The Chinese battery and carmaker BYD Co Ltd reported on Sunday that it saw a record decrease in its profits and vehicle sales in its 2011 financial year, which ended on Dec 31.
That aroused concerns that the company will have a difficult time achieving its goal of having the most automobiles sales of any being Chinese company by 2015.
Statistics from the company's financial report showed that BYD's revenues decreased by no more than 1 percent from a year earlier, coming in at 46.31 billion yuan ($7.3 billion). Even so, its gross profit dived by 17 percent to 6.87 billion yuan, and its profits attributed to equity holders declined sharply by 45 percent to 1.38 billion yuan.
The company's shares on the Shenzhen Stock Exchange gained 1.81 percent to close at 26.47 yuan apiece on Monday, while its stock price dropped by 4.82 percent to hit HK$19.94 a share in Hong Kong.
The Shenzhen-based company, which the US billionaire Warren Buffett has invested in, blamed the profit decrease on its waning battery business, which has been harmed by a slowdown in the demand for traditional mobile phones and on its shrinking share of the market for notebook computers.
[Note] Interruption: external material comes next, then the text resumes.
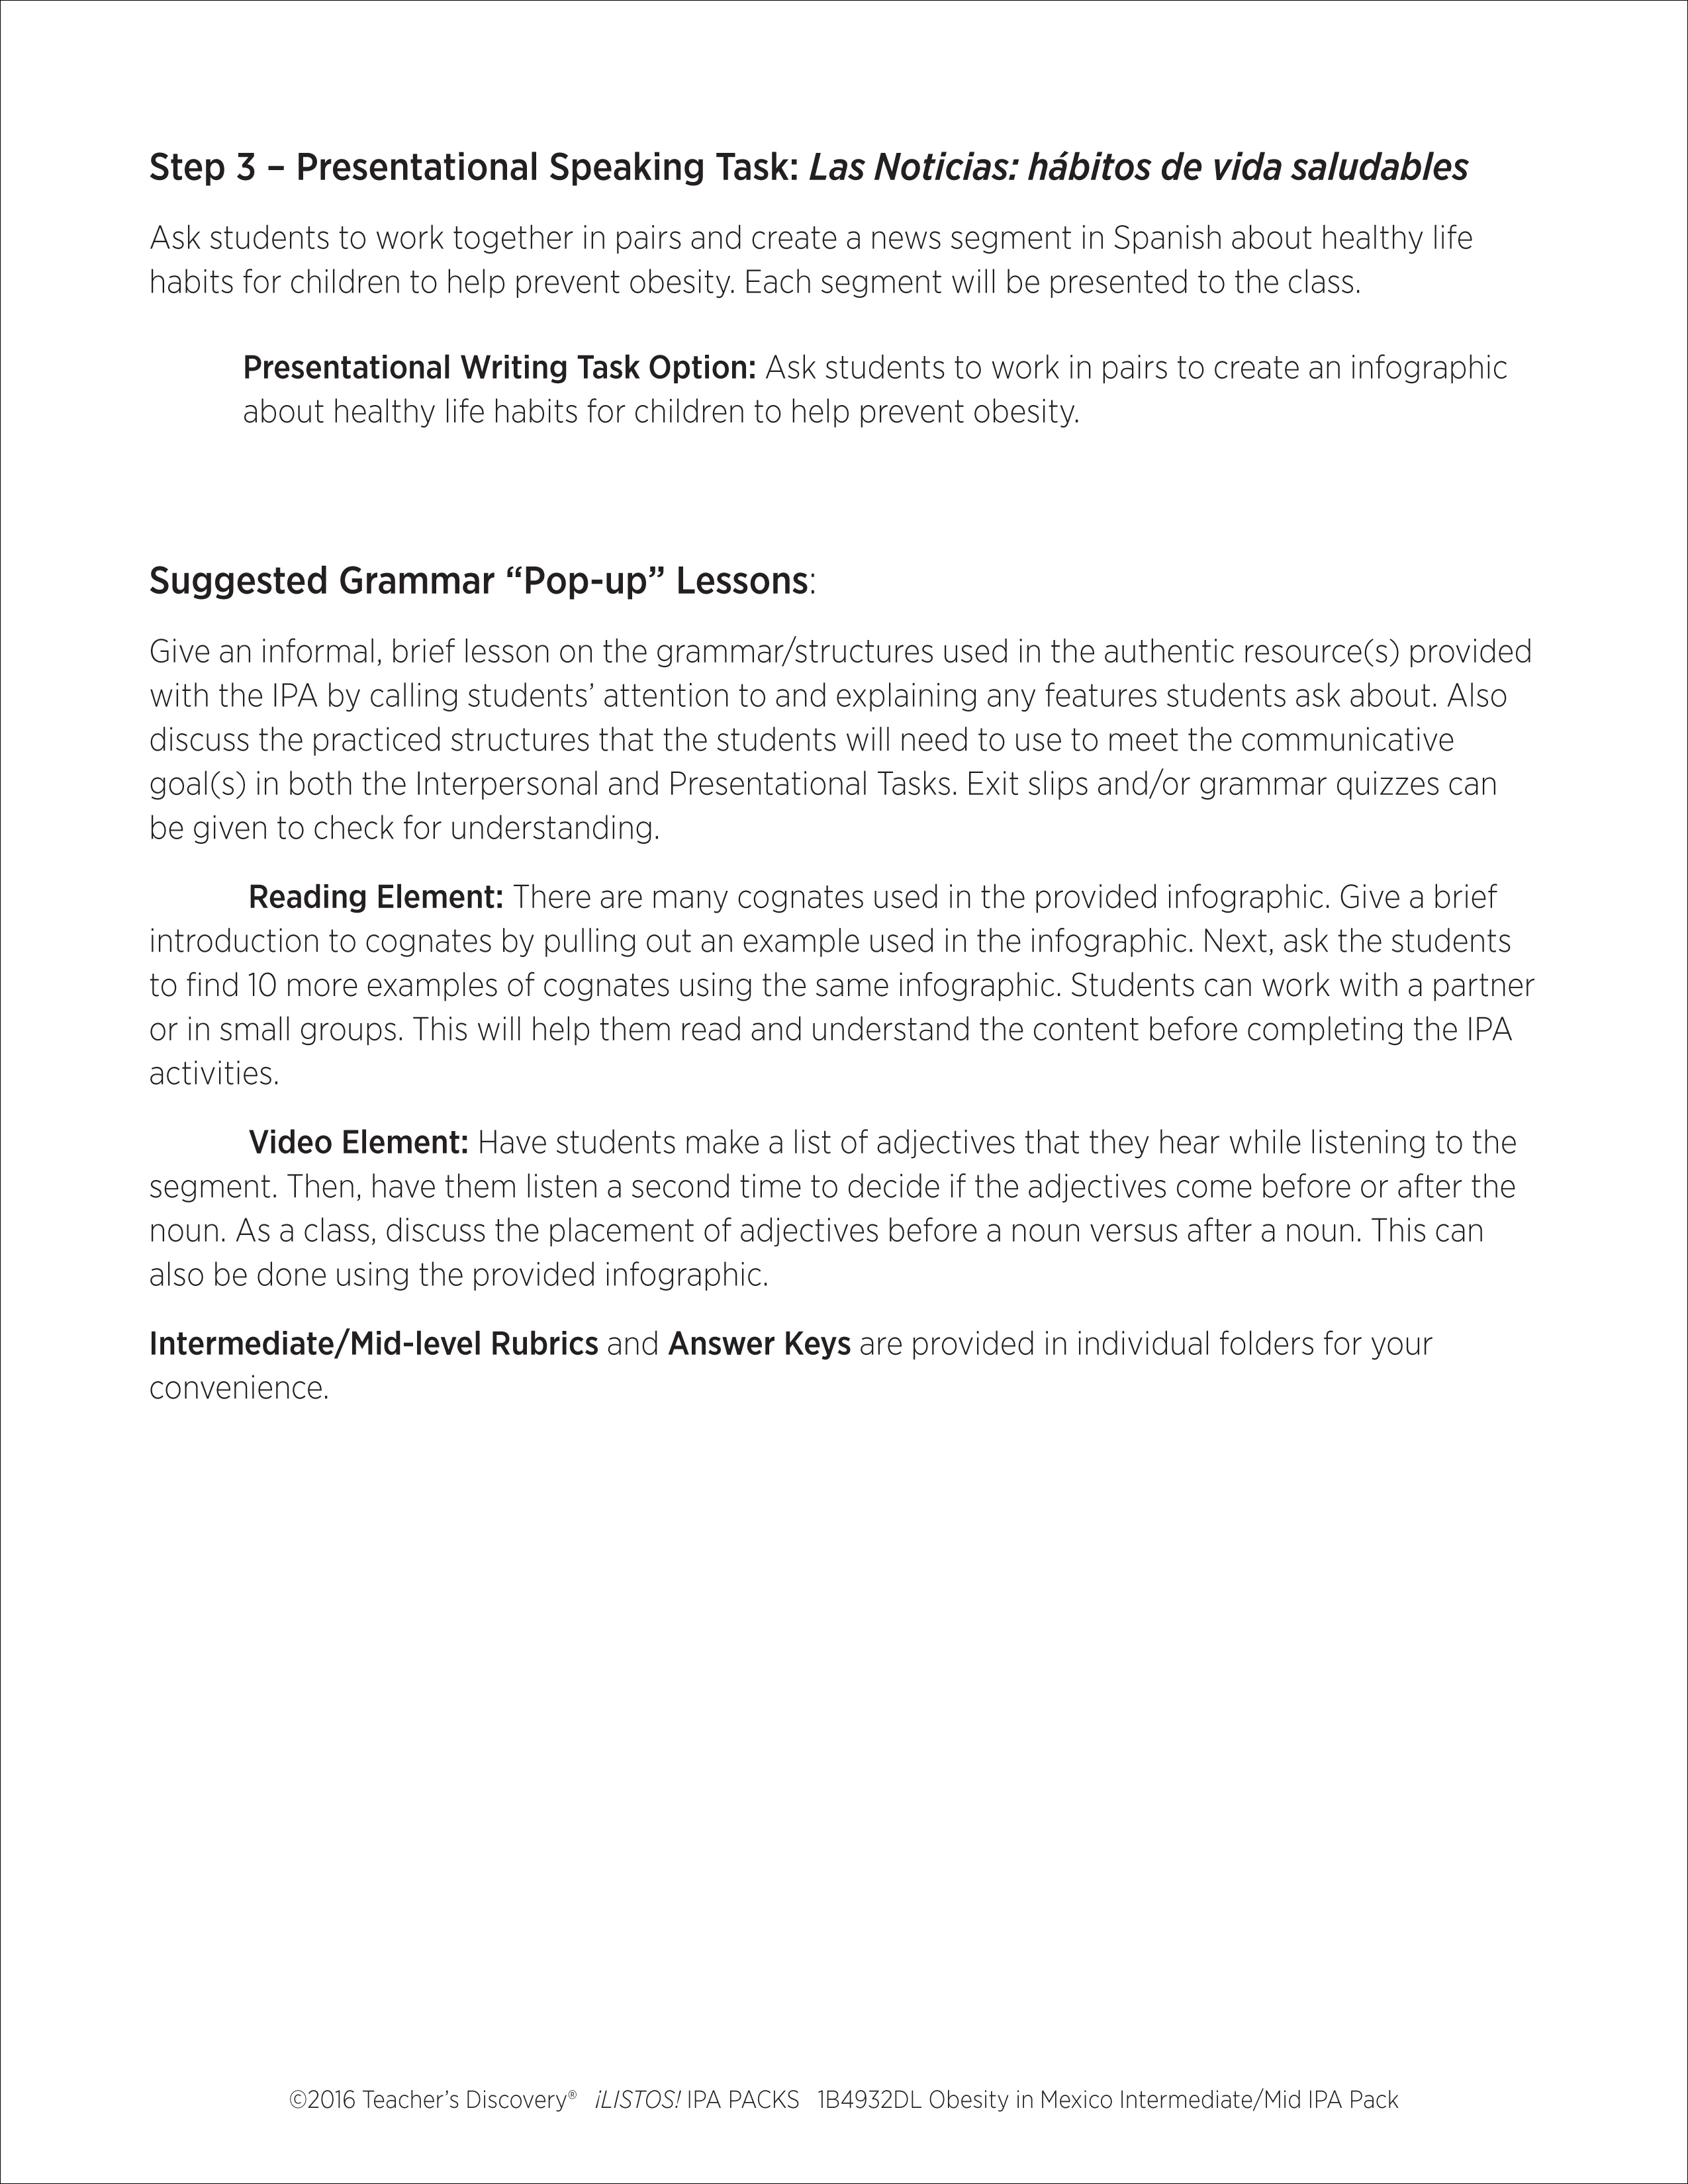 worksheet Spanish Cognates Worksheet obesity in mexico intermediate low spanish ipa pack download enlarge image

The company's rechargeable batteries and new-energy businesses were also harmed by the decline in demand in the European market for photovoltaic equipment.
BYD also said its automobile sales decreased by 13.33 percent in 2011 from the previous year, declining to 437,000 vehicles. For the year before, the company had set an ambitious target of selling 800,000 vehicles but eventually sold 520,000.
Despite the sales decline, BYD said in the financial report that its vehicle business had 22 billion yuan in revenue in 2011, a slight increase year-on-year.